* _PROBLEM TO WORK ON_
Take the listing below and output it exactly, with no images.

SOURCE DATA below:

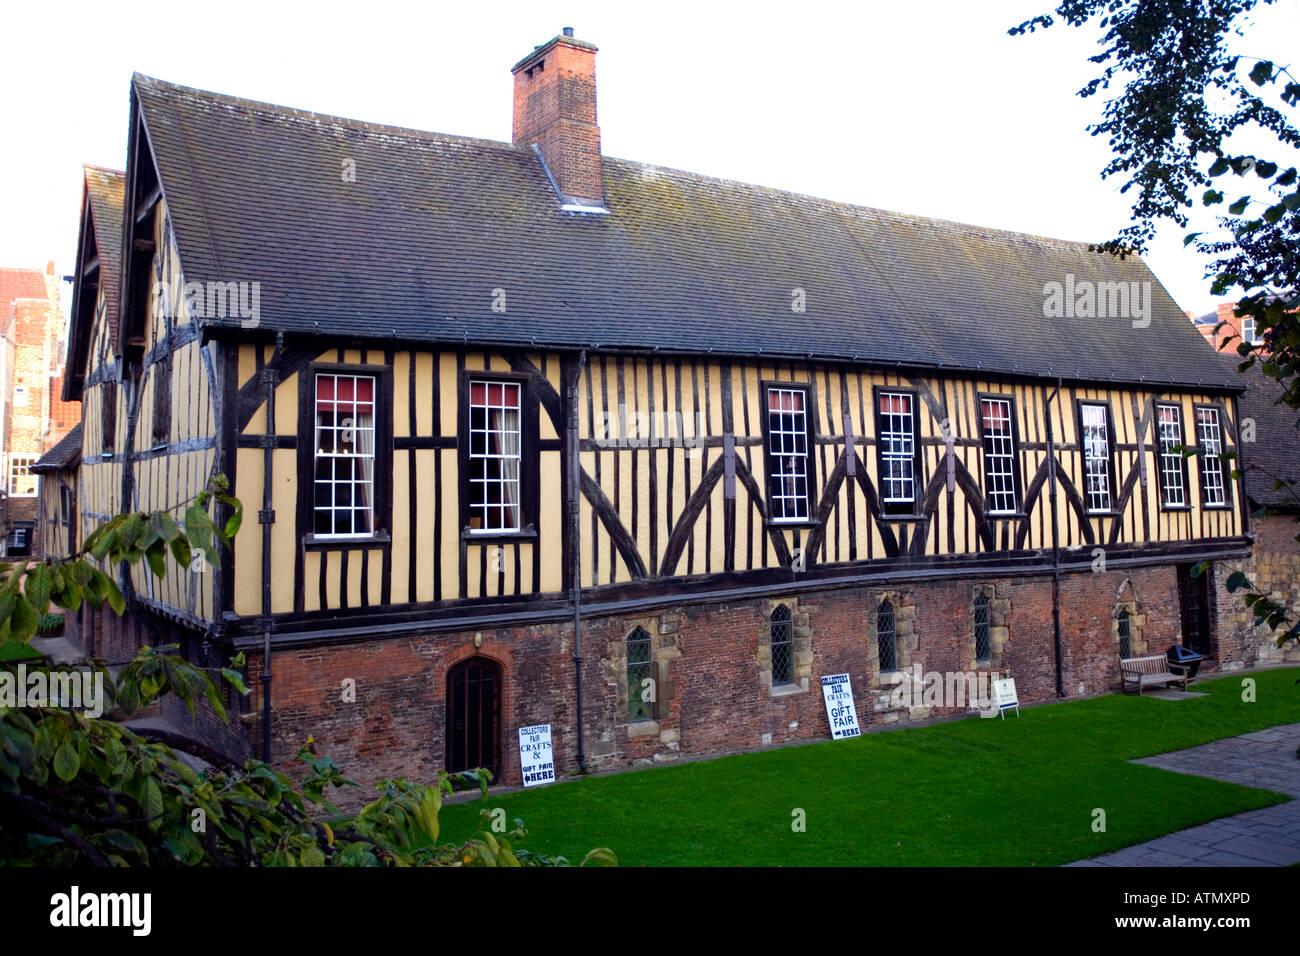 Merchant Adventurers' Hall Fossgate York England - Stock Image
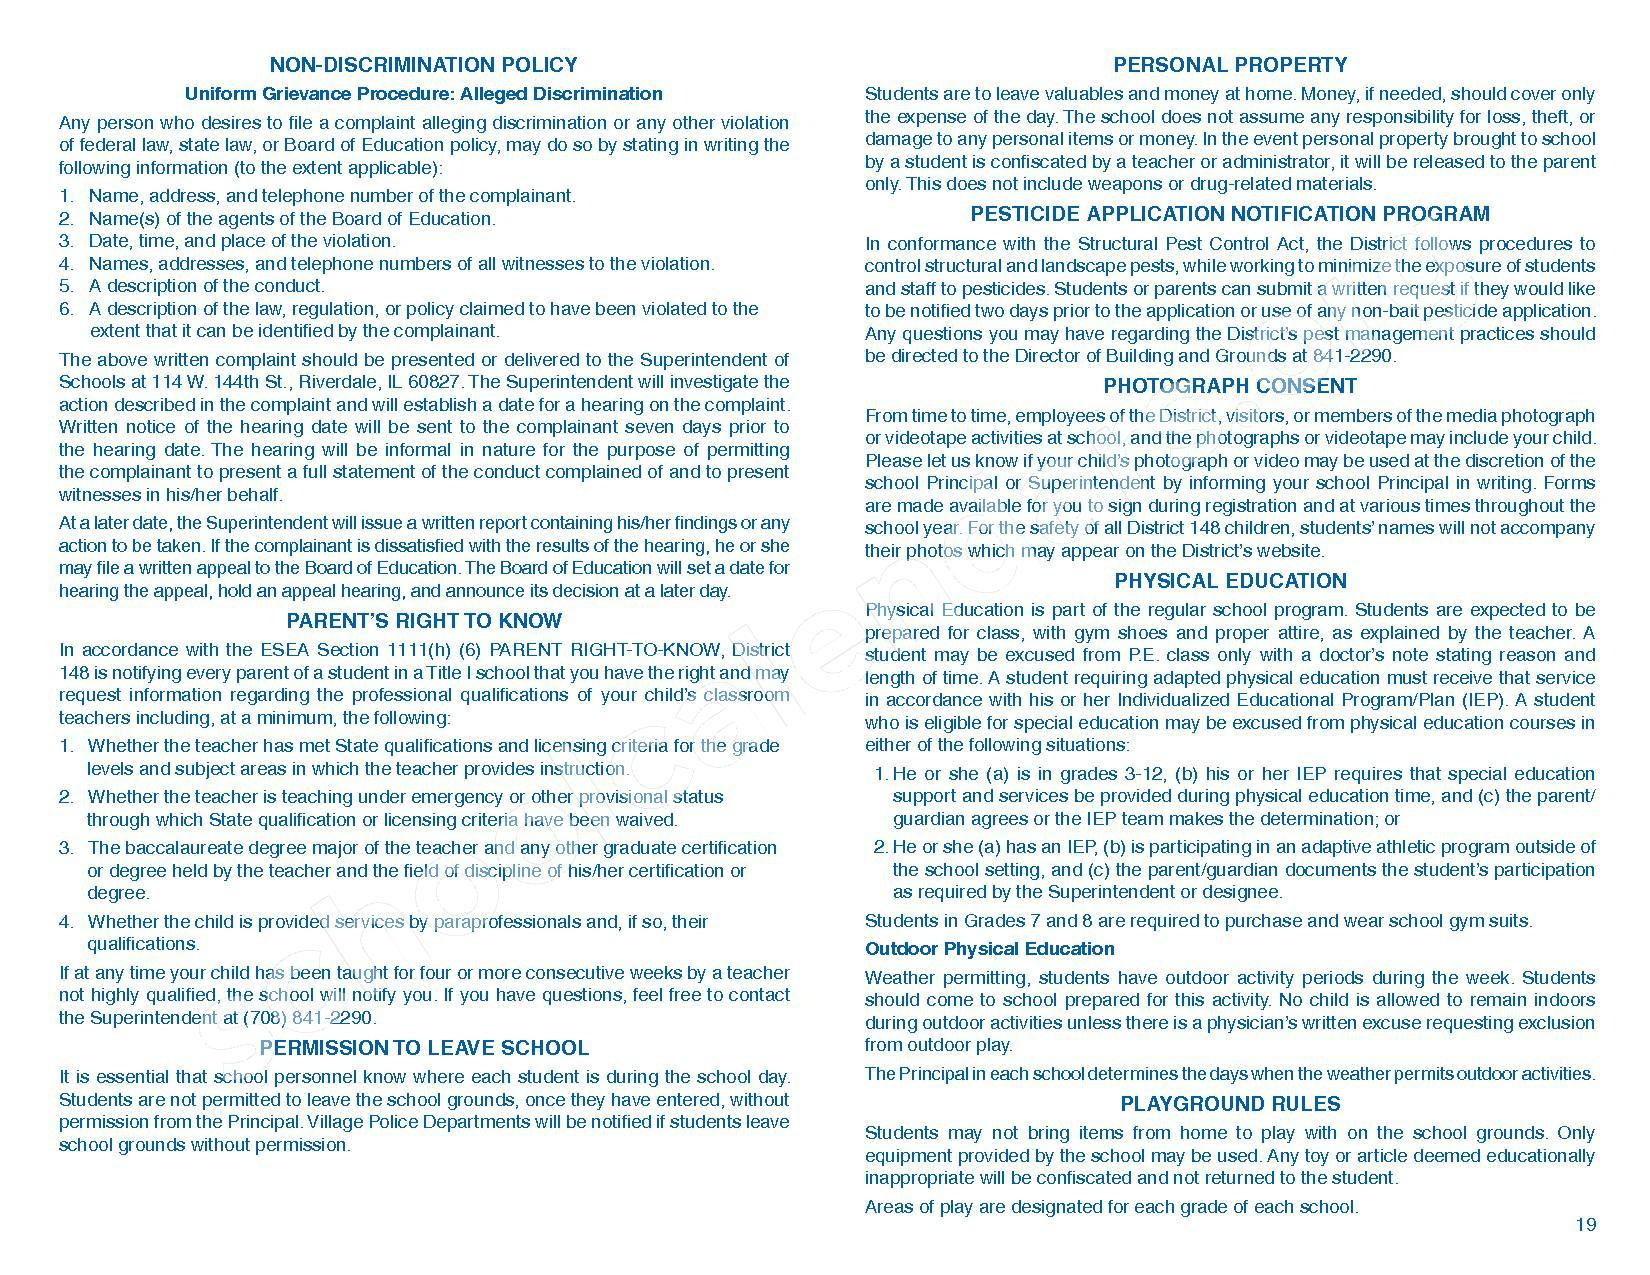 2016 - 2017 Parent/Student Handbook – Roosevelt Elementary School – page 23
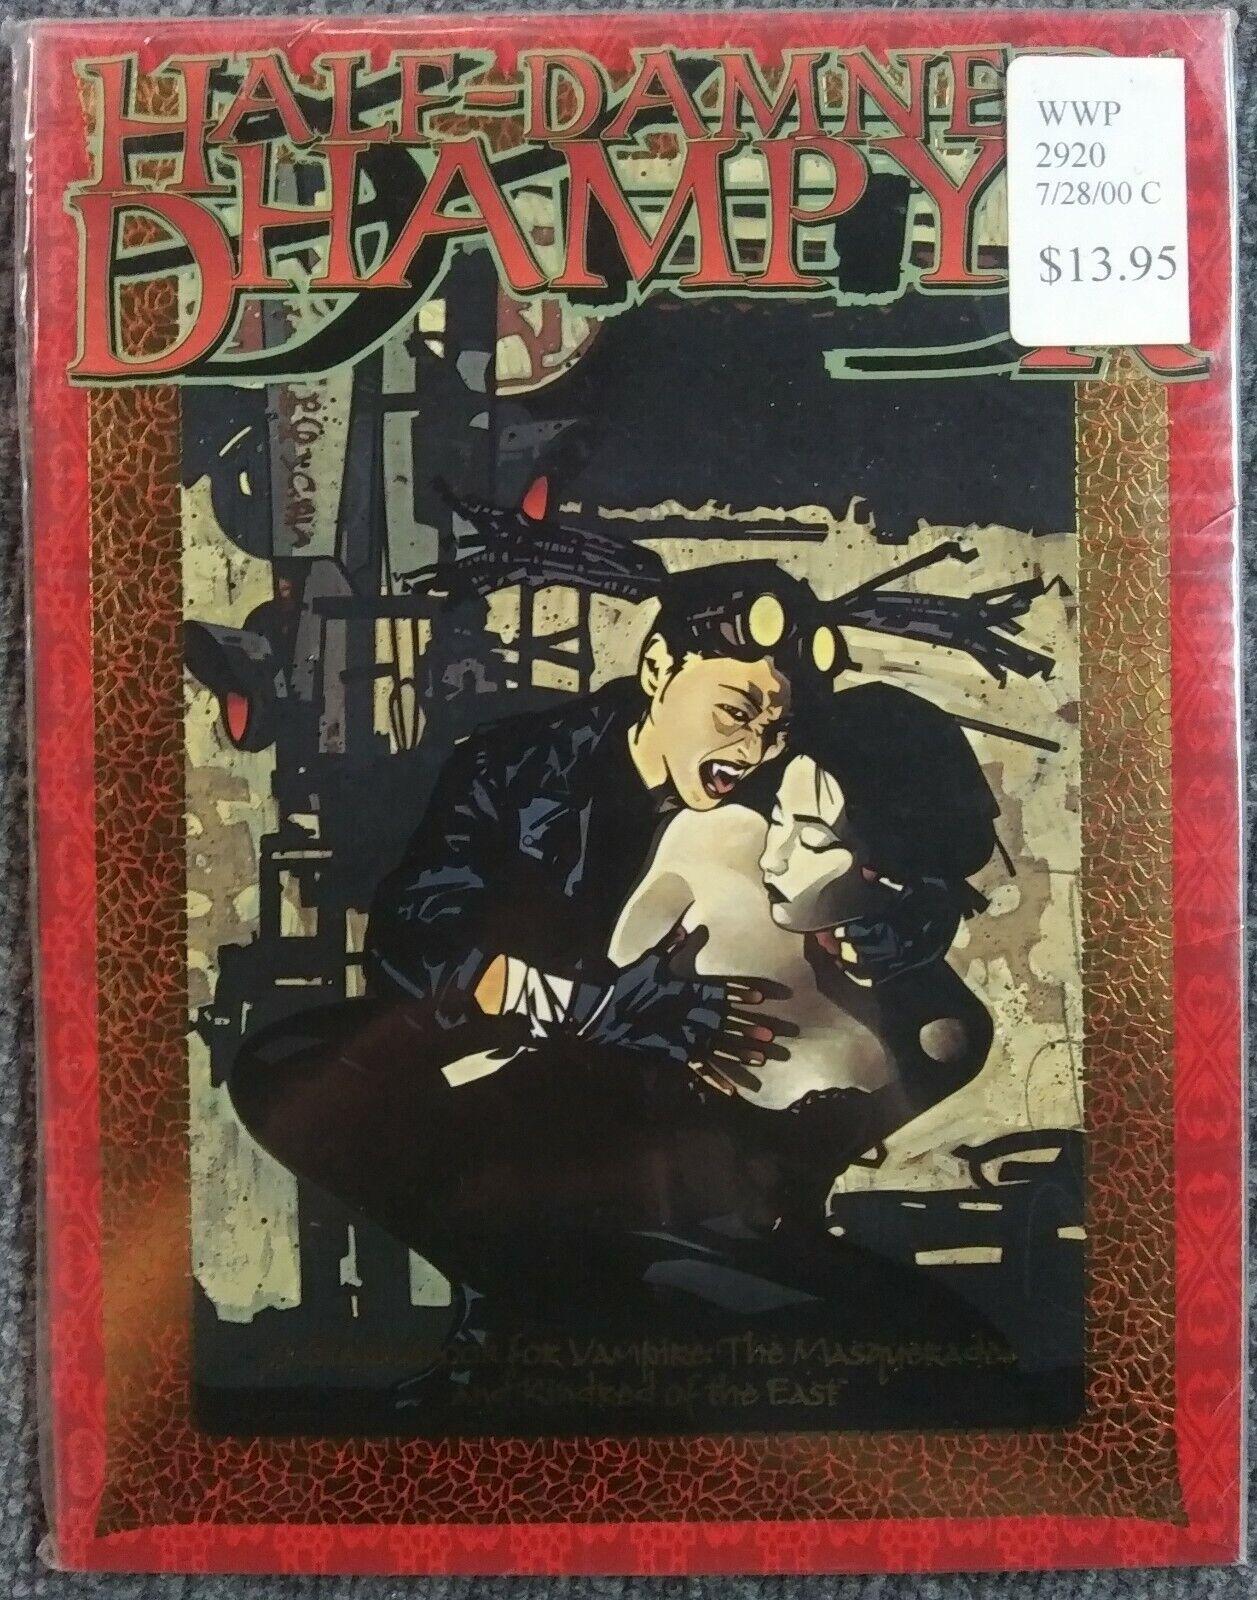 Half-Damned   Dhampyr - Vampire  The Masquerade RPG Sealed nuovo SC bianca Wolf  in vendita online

End of SOURCE DATA.

* _SOLUTION FOR THIS EXERCISE_
 Merchant Adventurers' Hall Fossgate York England - Stock Image
 2016 - 2017 Parent/Student Handbook – Roosevelt Elementary School – page 23
 Half-Damned   Dhampyr - Vampire  The Masquerade RPG Sealed nuovo SC bianca Wolf  in vendita online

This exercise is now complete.